OKLAHOMA CITY — The body of a woman found in central Oklahoma nearly 40 years ago and known only as “Lime Lady” has been identified as a missing Las Vegas woman, authorities said Thursday.

DNA testing with the help of the DNA Doe Project identified Tamara Lee Tigard as the woman whose body was found April 18, 1980, on the banks of the North Canadian River in Jones on the outskirts of Oklahoma City.

Tigard, who was shot to death, was found on what would have been her 21st birthday, Oklahoma County Sheriff's Capt. Bob Green said. Tigard was known for decades only as “Lime Lady” because her body had been covered in lime in a possible attempt to destroy it, but instead the lime helped preserve her remains.

It is not known how long she was in Oklahoma, according to Sheriff P.D. Taylor. Investigators have also determined she was in the U.S. military, serving in the Army, and military dental records also helped confirm her identity, Green said.

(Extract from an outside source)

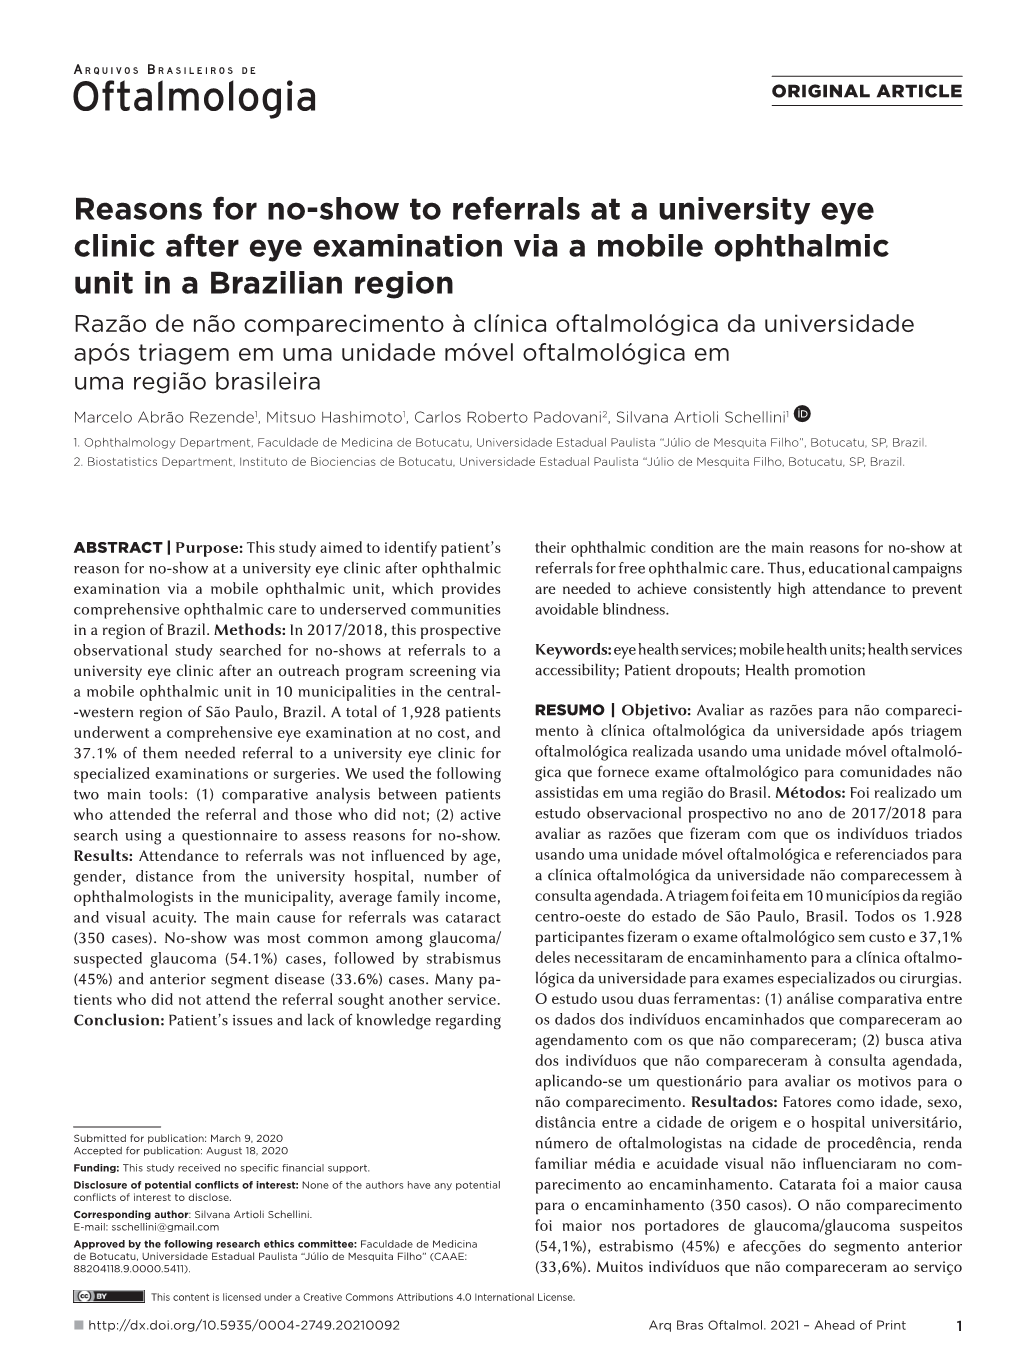 Reasons for No-Show to Referrals at a University Eye Clinic After Eye

“I always just wanted to bring dignity to the victim in this case,” said Green, who became involved in the case in 2008. “All of these years she has been gone without a trace, with none of her family or acquaintances knowing what happened to her."

Tigard has no immediate family members living, Green said.

Green said although Tigard had been reported missing the month prior to the discovery of her body, another woman was found to be using her identity in Ohio around that time.

“That's how (Tigard) was cleared from that missing persons case,” Green said.

He declined to label the woman in Ohio a suspect, saying he does not know who she is.

No suspects are in custody and investigators are releasing no other information because the investigation is ongoing, said sheriff's spokesman Mark Myers.

“Now the work starts to try to determine if there are any suspects or who might be the actual murderer,” Myers said.